昨日5月16日は、薄い氷の下には中止命令?という鰐が口を開いて待ち受ける中、何とかその氷が割れることなく、一期一会の記念公演が無事に開催されて感動的な大成功を収めた、記念すべき一日となりました。

その公演とは、R.ワーグナー 「ニーベルングの指環」ハイライト特別演奏会
~飯守泰次郎 傘寿記念~、東京シティ・フィルハーモニック管弦楽団公演です。会場は東京文化会館大ホール。シティ・フィルが、桂冠名誉指揮者である、飯守泰次郎先生の傘寿を寿ぐために、3年がかりで準備を進めてきた未曽有のオーケストラ・コンサートでしたが、このたびの感染症拡大に伴う緊急事態宣言発出とその延長により、一時は会場使用に待ったがかかるかと、関係者一同、薄氷を踏む思いで準備を進めてこられました。
わたくしも気を揉んでおりましたところ、楽団長から、「50パーセント減だけれども開催できることになりました!」とのお知らせをいただいたのが、10日の月曜日でした。
飯守先生とバイロイトとのつながりが深く、今回もバイロイト祝祭劇場総監督のカタリーナ・ワーグナーさん、リヒャルト・ワーグナーの直系曽孫に当たられる方ですが、そのカタリーナさんが名誉監督として公演をサポートなさり、世界的ワーグナー歌手3名の出演に尽力されました。
飯守先生が新国立劇場のオペラ芸術監督在任中に成し遂げられた『ニーベルングの指輪』ツィクルスのジークフリート役で、世界的ヘルデン・テノールのシュテファン・グールドさんがジークフリート役、新国立劇場『ホフマン物語』コッペリウスや東京春音楽祭にも登場された名バス・バリトンのトマス・コニエチュニーさんが、アルベルヒ、ヴォータン、さすらい人、グンターの4役を務め、2014年バルセロナ・デビューの若き大型ソプラノ、ダニエラ・ケーラーさんがブリュンヒルデです。
クールドさん、コニエチュニーさんは何度も拝聴してその素晴らしさは存じ上げていましたが、ケーラーさんは初めて聴かせていただき、骨太の歌唱力とゆたかな表現力に驚きました。2014年デビューだそうですから、まだ、お若いソプラノで、2017年バイロイトのマスター・クラスではグールドさんのクラスに参加されたとのこと、さすが、グールドさんのお弟子さんです。今後、世界的なブリュンヒルデに成長されること間違いありません。「ダニエラ・ケーラーさん」というお名前をよく覚えておこうと思いました。写真はケーラーさんと妻屋さんです。

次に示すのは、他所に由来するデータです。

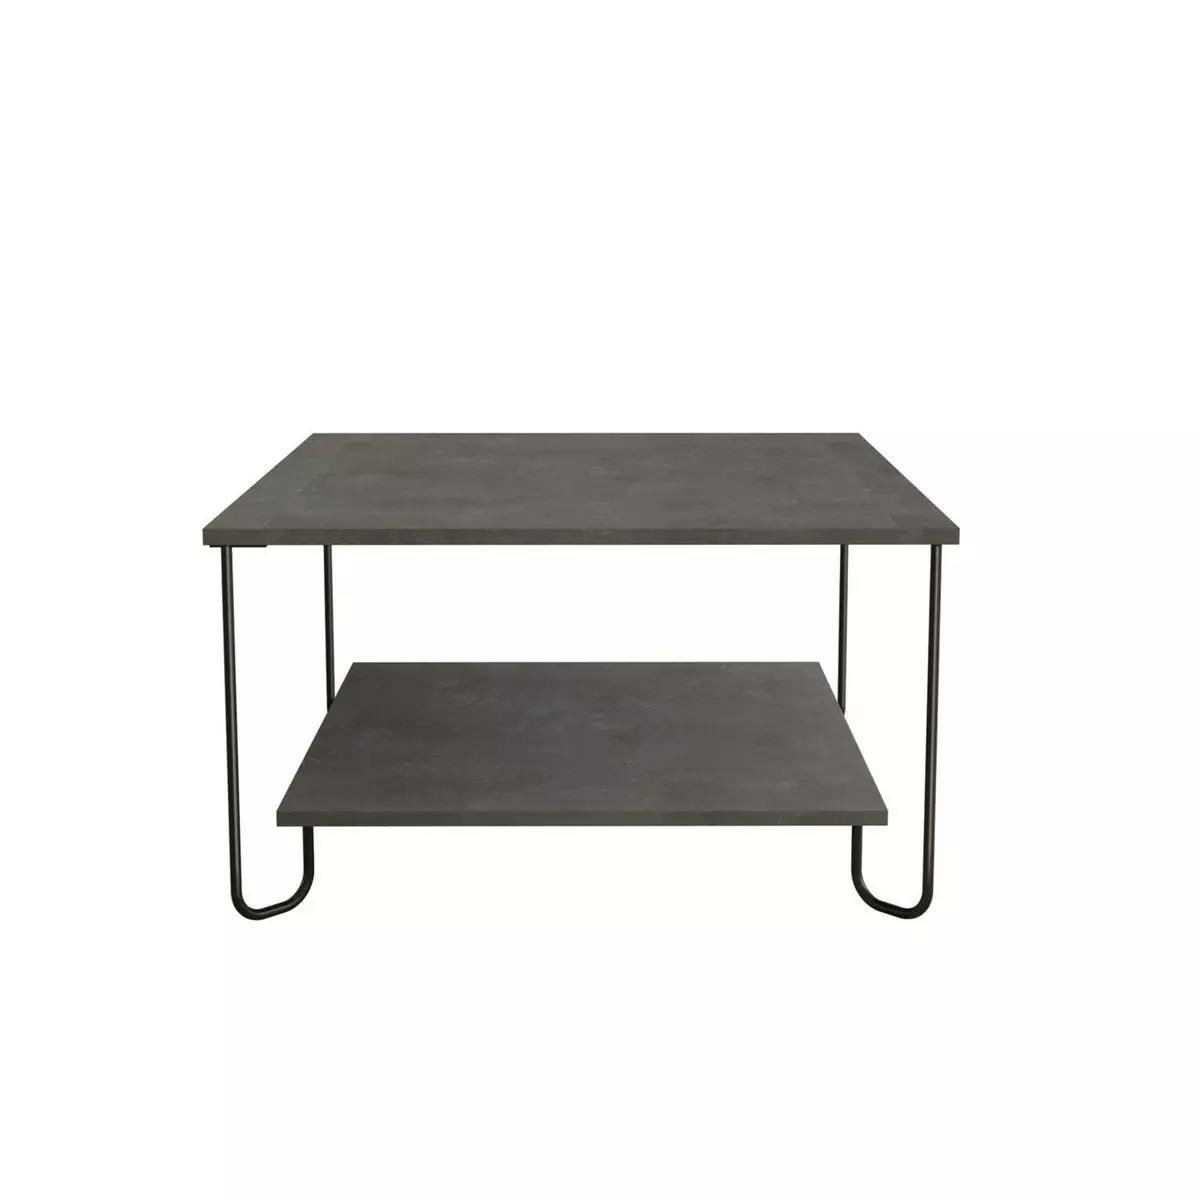 TOILINUX Table basse design métal Marbo - L. 80 x H. 45 cm - Gris

このお三方が、2週間の自主隔離に耐えて出演くださったおかげで、ハイライト版の演奏会形式ながら、『指輪』の深遠なる意味するところがありありと伝わりました。日本人歌手では、ハーゲンに妻屋秀和さん、ミーメに高橋淳さん、ヴォ―クリンデに増田のり子さん、ヴェルグンデに金子美香さん、フロースヒルデに中島郁子さんが扮されて、役になり切った名唱でステージを盛り上げました。

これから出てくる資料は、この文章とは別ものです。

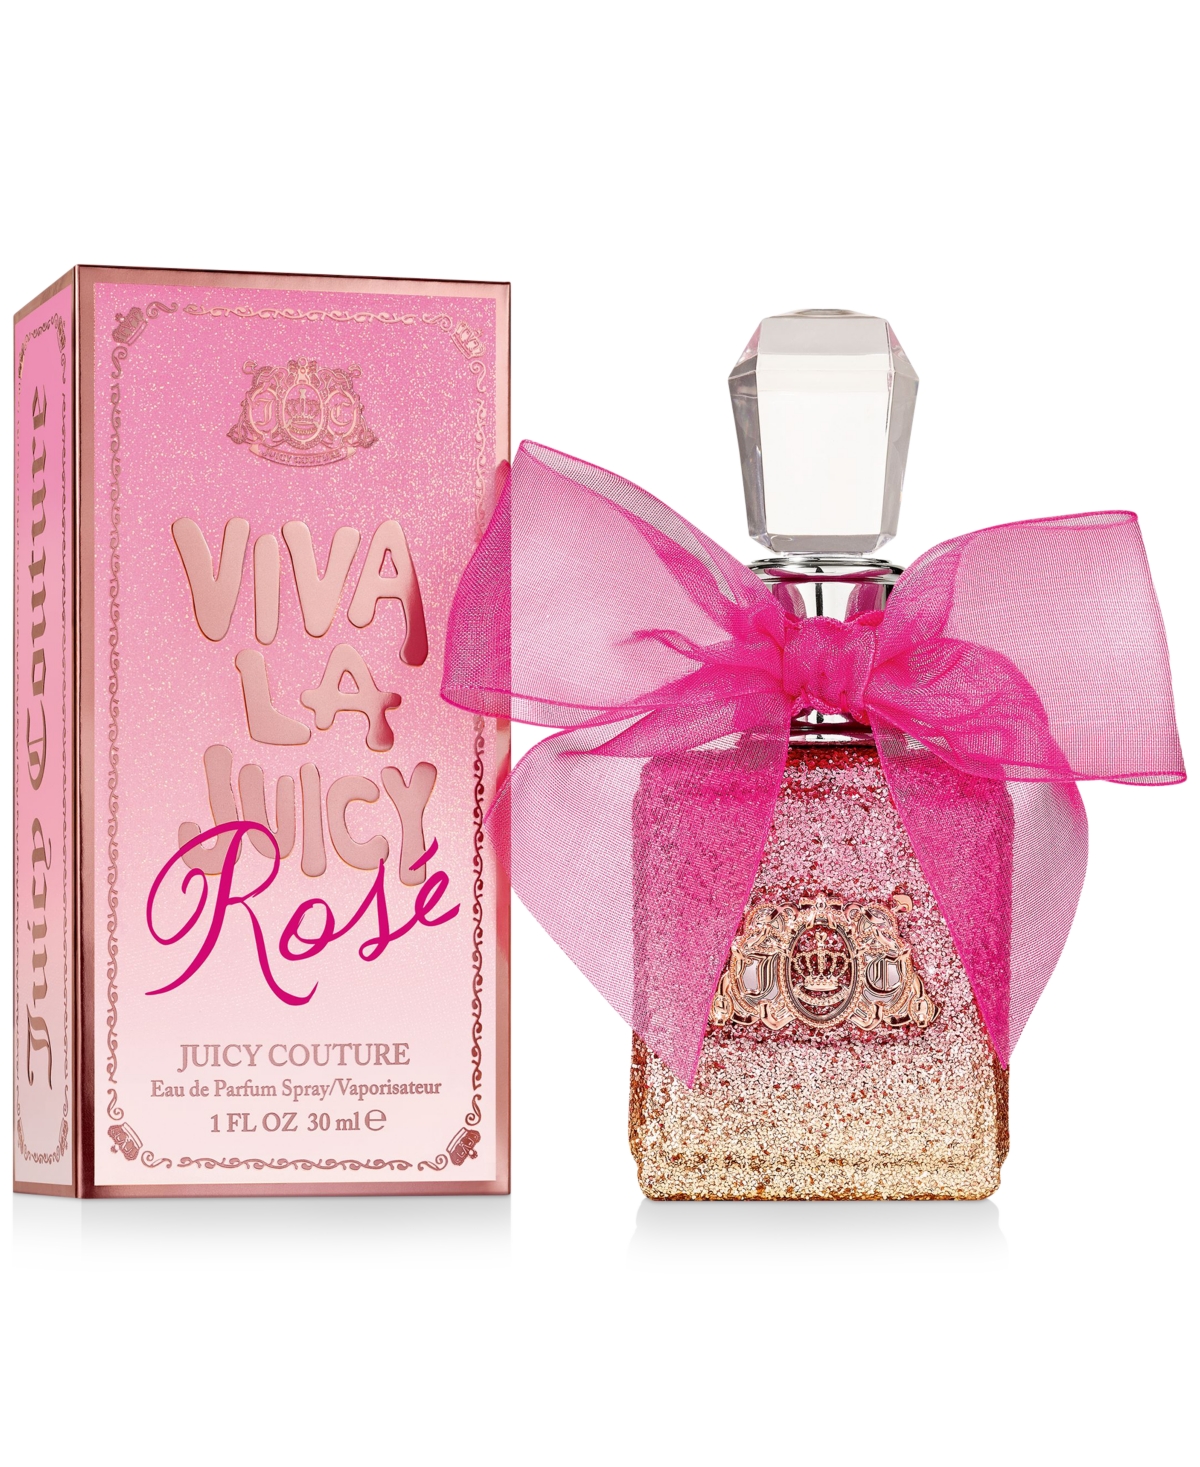 Viva La Juicy Rose Eau de Parfum Spray, 1-oz.

この公演のために編成されたワーグナー特別演奏会合唱団の35名の合唱がこれまた圧巻。マスク装着で入場されたので、歌う時ははずされるのかと思いましたら、そのまま歌われたのには、ああやはり、と思いましたが、きっと、マスク越しでも通る唱法をとことん研究されたのでしょう、目をつぶって聴いていればそれとわからないほど、迫力に満ちた、ギービヒ家の家臣団が出現していました。合唱団の皆様と、合唱指揮者の藤丸崇浩さんに大きな拍手を送りたいと存じます。
左から反時計回りに、飯守先生、ケーラーさん、グールドさん、妻屋さん、高橋さん、中島さん、増田さん、コニエチュニーさん、真ん中が金子さん。
14:00開始、途中休憩2回,終演は18:40、カーテンコールがいつまでも続いたので、実質5時間近い長時間公演でしたが、4夜にわたるはずの「指輪」ですから、よくぞここまで適格に抜粋してくださったものです。おかげさまで、この長大な物語の本質がひしひしと伝わり、『ブリュンヒルデの自己犠牲』熱唱では、もう感涙が止まりませんでした。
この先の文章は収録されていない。